== Exercise data ==
___

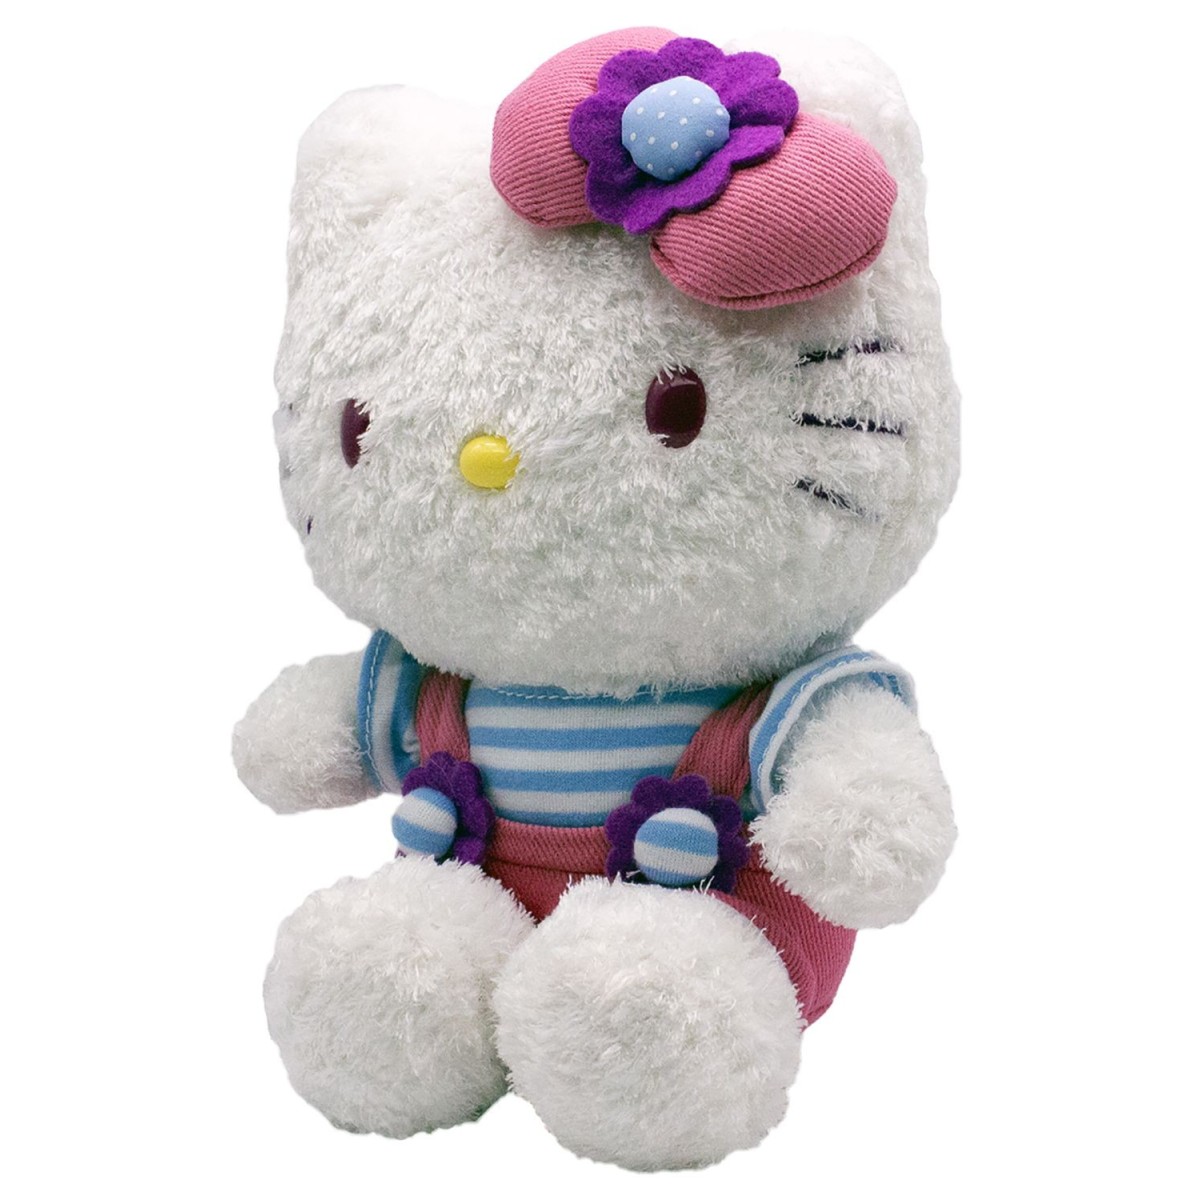 Peluche Sanrio Hello Kitty cm 23 Fiocco rosa 14882-2
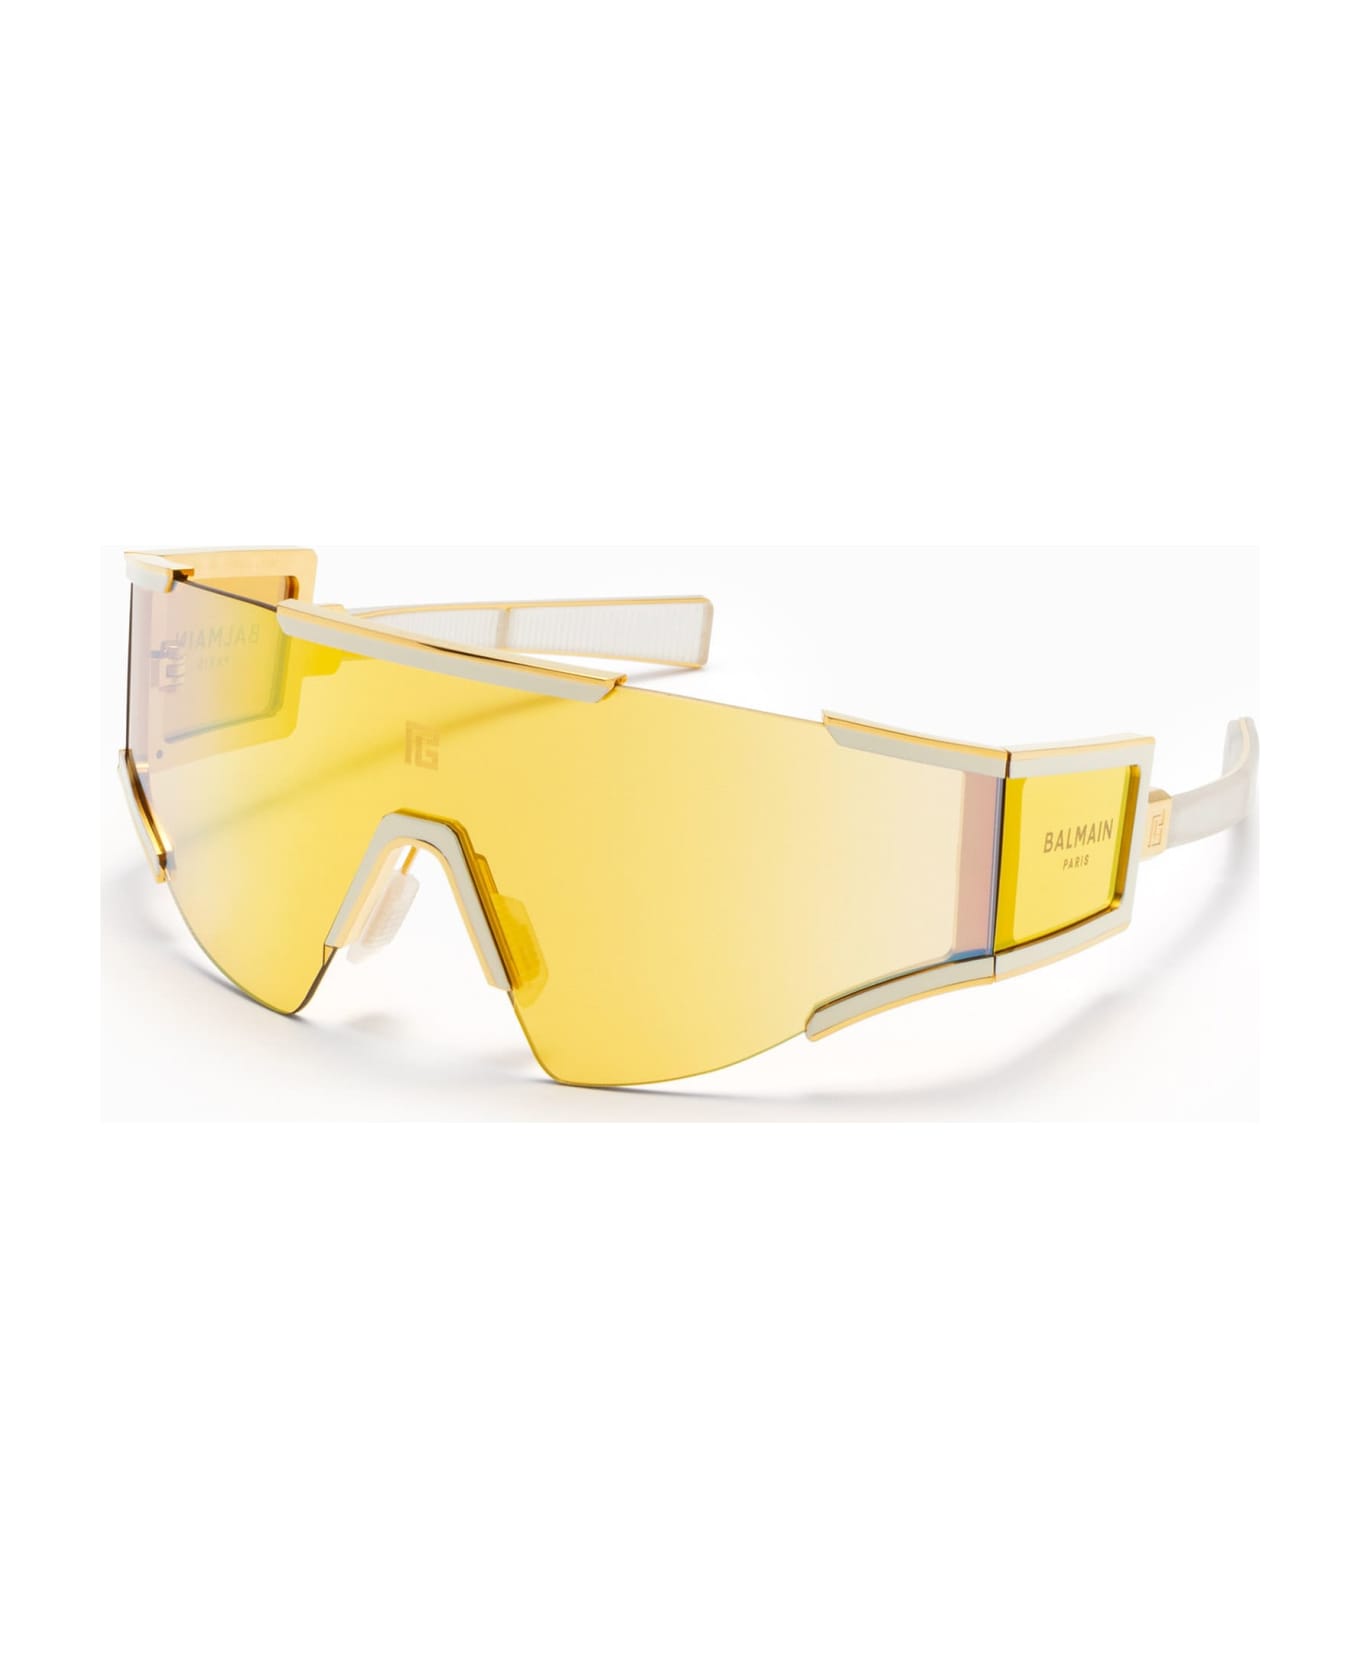 Balmain Fleche - Gold / Bone Sunglasses - Gold/White
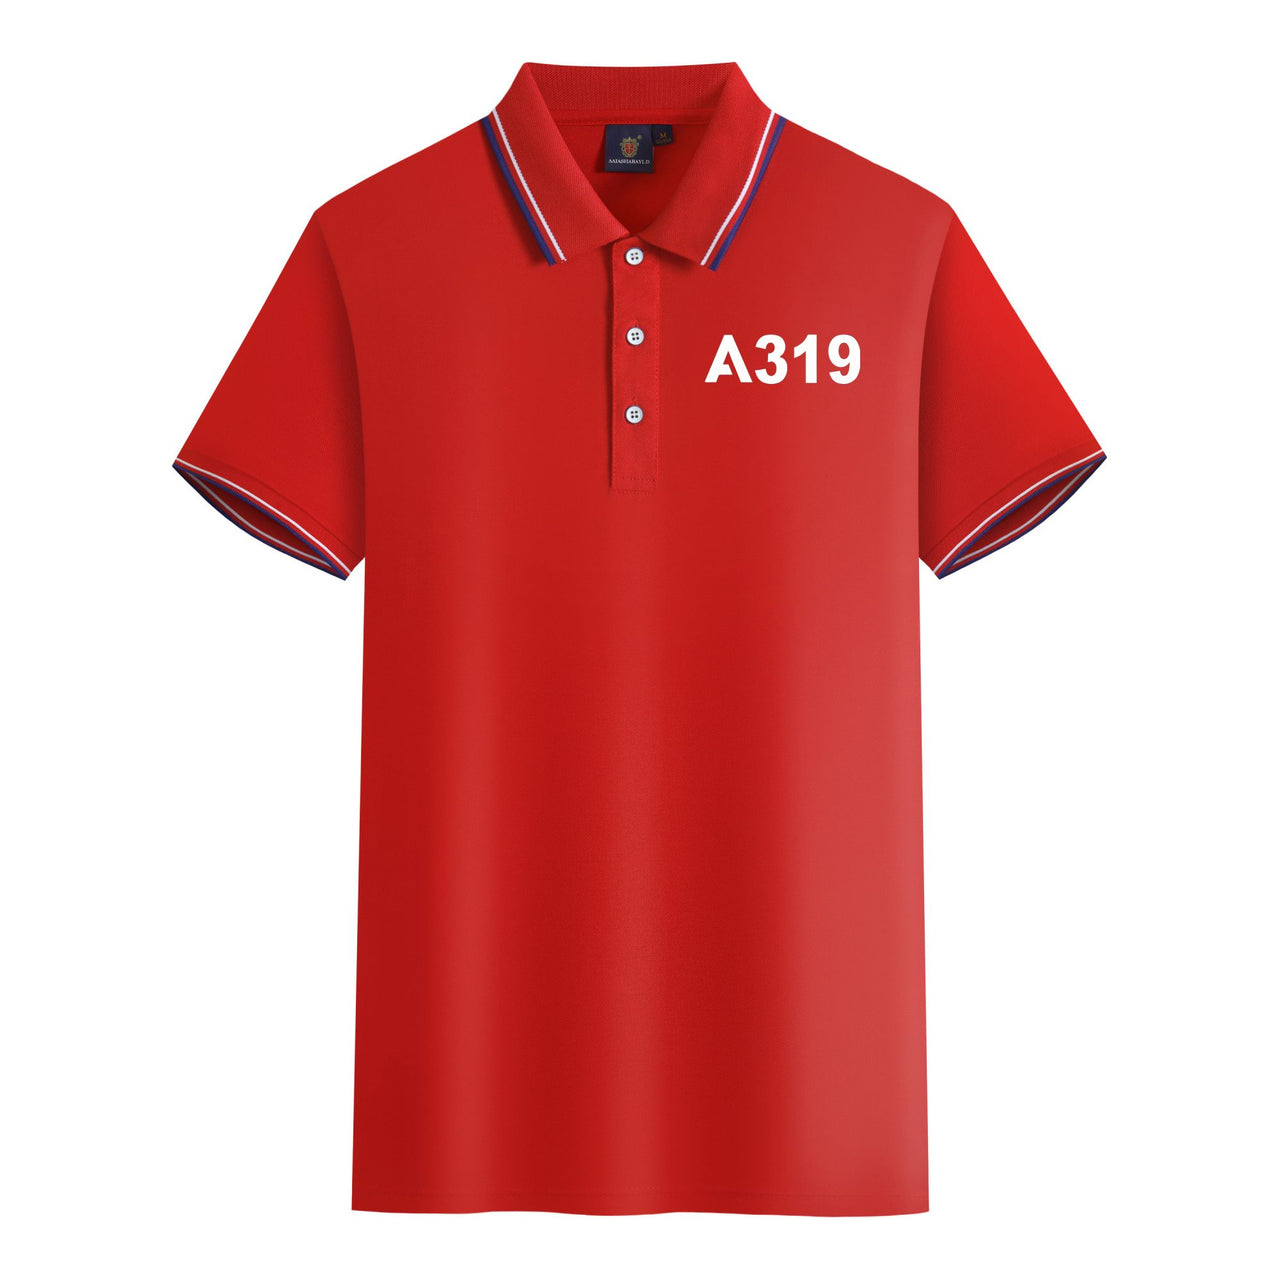 A319 Flat Text Designed Stylish Polo T-Shirts
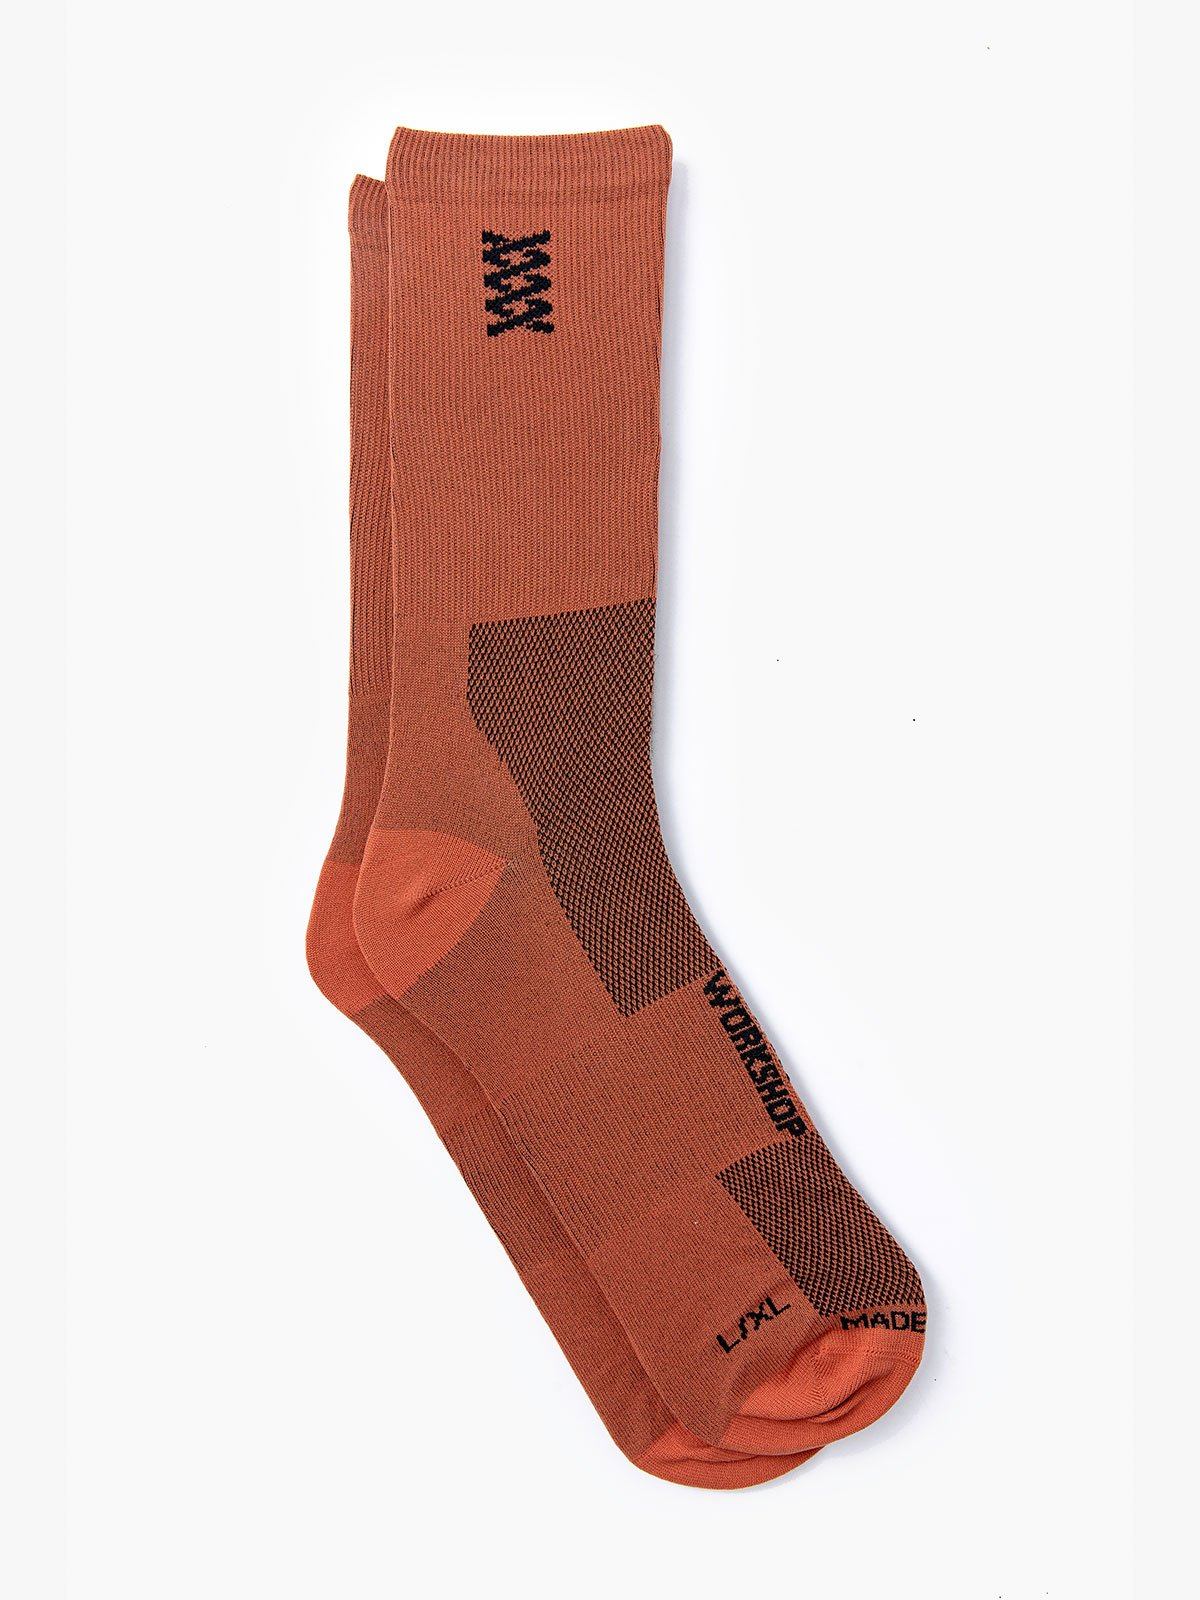 Mission Pro Socks by Mission Workshop - Säänkestävät laukut ja tekniset vaatteet - San Francisco & Los Angeles - Kestävät - ikuinen takuu

___

== Activity ==
Starting with the line that holds "Balmain Fleche - Gold", transcribe exactly each line through the last one of the material above, and nothing else. Do not include pictures.

== Answer ==
 Balmain Fleche - Gold / Bone Sunglasses - Gold/White
 A319 Flat Text Designed Stylish Polo T-Shirts
 Mission Pro Socks by Mission Workshop - Säänkestävät laukut ja tekniset vaatteet - San Francisco & Los Angeles - Kestävät - ikuinen takuu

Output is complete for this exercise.